Ainsi, la Cour de cassation conclut que le libre accès à des informations personnelles sur un réseau informatique d'une entreprise n'est pas exclusif de leur appropriation frauduleuse par tout moyen de reproduction.

Source : Cass. crim., 28 juin 2017, n° 16-81.113 P+B : JurisData n° 2017-012975

Commissaires aux comptes

La Compagnie régionale des commissaires aux comptes de Paris publie son rapport moral et financier

A l'occasion de l'assemblée générale du 6 septembre 2017, la Compagnie régionale des commissaires aux comptes (CRCC) de Paris présente son rapport moral et financier et revient sur les principaux événements de l’année 2016.

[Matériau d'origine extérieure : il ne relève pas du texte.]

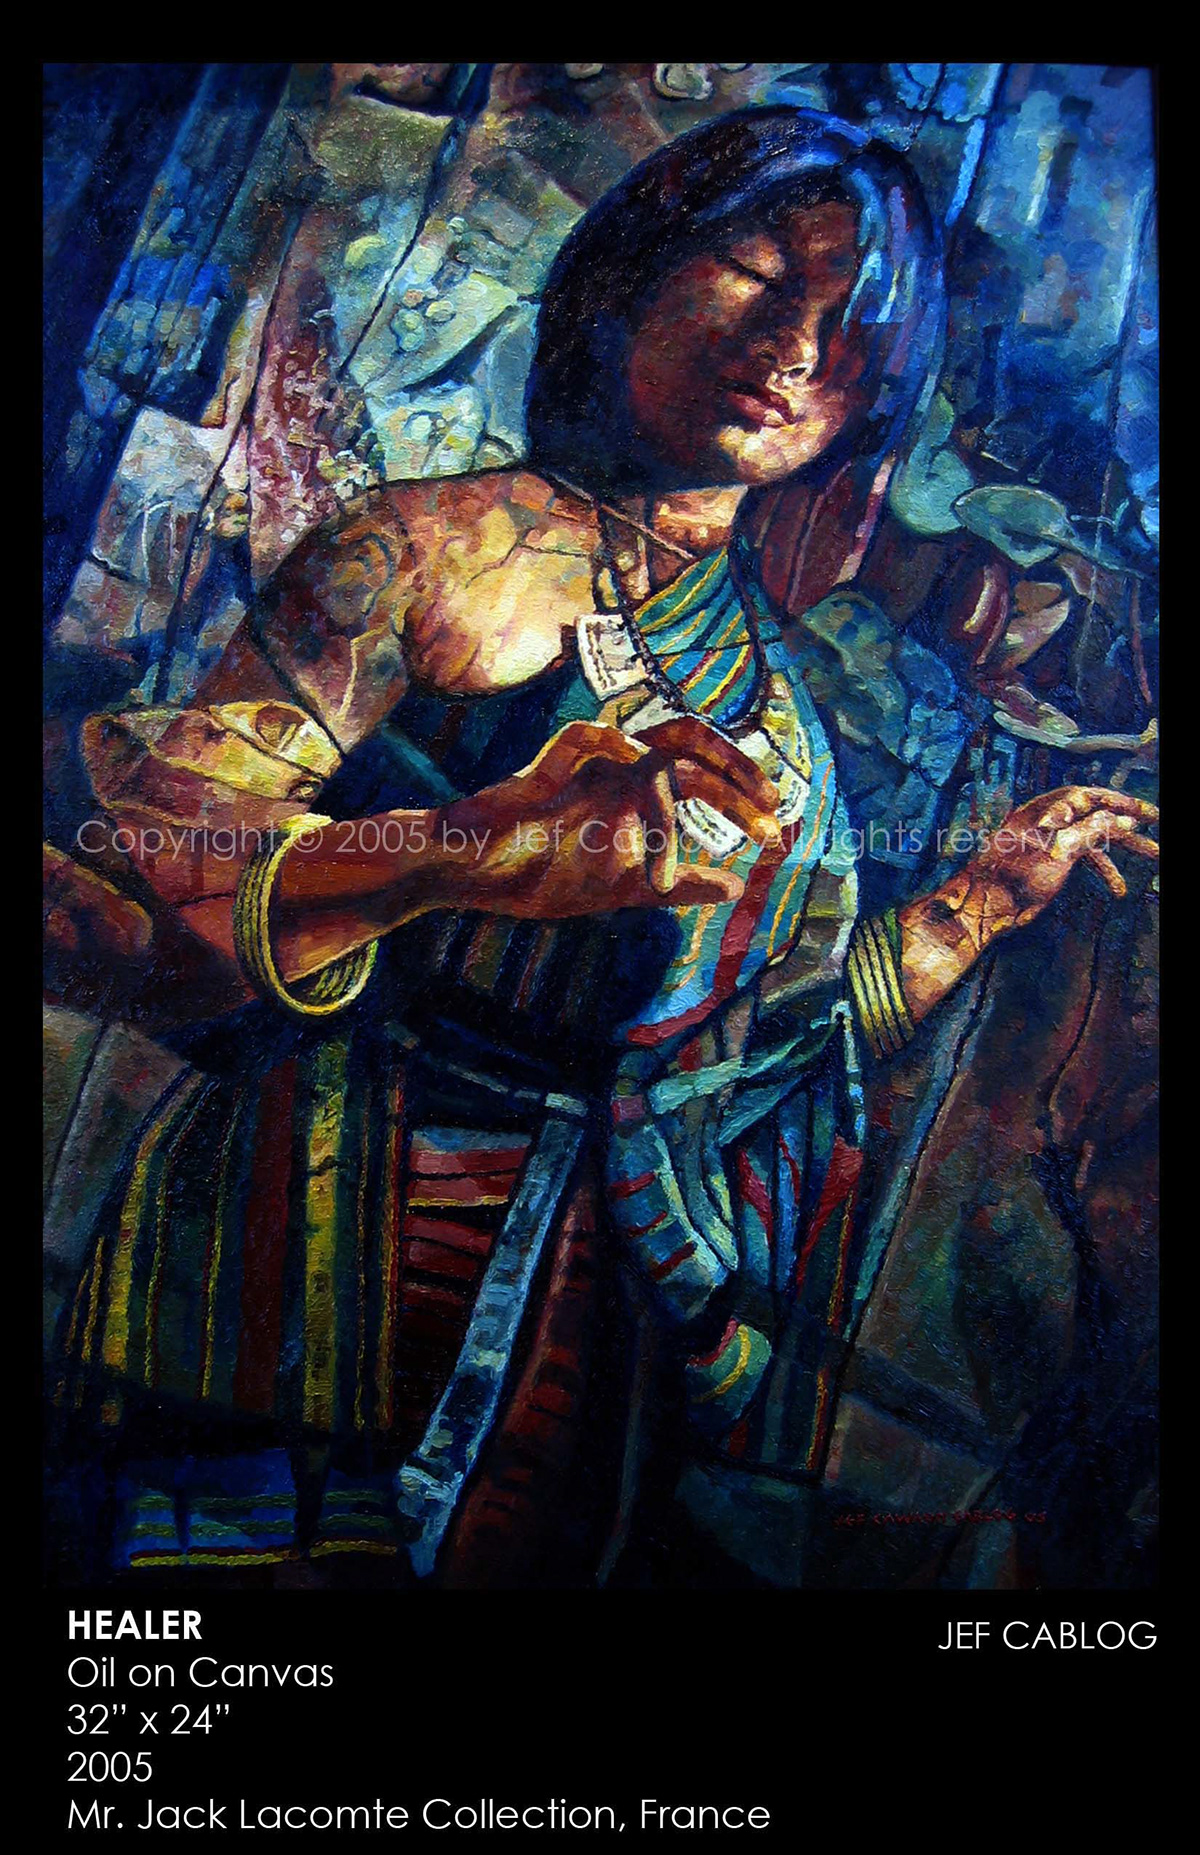 jef cablog  jef cawaon cablog  jefferson cablog  philippine art  filipino artist  baguio city  cordillera  barligmt. provinc Oil Painting  Contemporary Art oil on canvas

Le document est consultable à l’adresse suivante : http://www.crcc-paris.fr/actualites-evenements/actualites/ rapport-moral-et-financier-2016.html

Source : CRCC Paris, actualités, 5 sept. 2017

Professions paramÉdicales

Le Haut Conseil des professions paramédicales vient d’être renouvelé

Le Haut Conseil des professions paramédicales est une instance chargée de promouvoir une réflexion interprofessionnelle sur la formation, les diplômes et l'exercice des professions paramédicales. Il est également obligatoirement consulté sur les textes réglementaires portant sur ces sujets et peut faire des propositions au Ministre chargé de la santé sur ces questions.

Il vient d’être renouvelé pour 5 ans.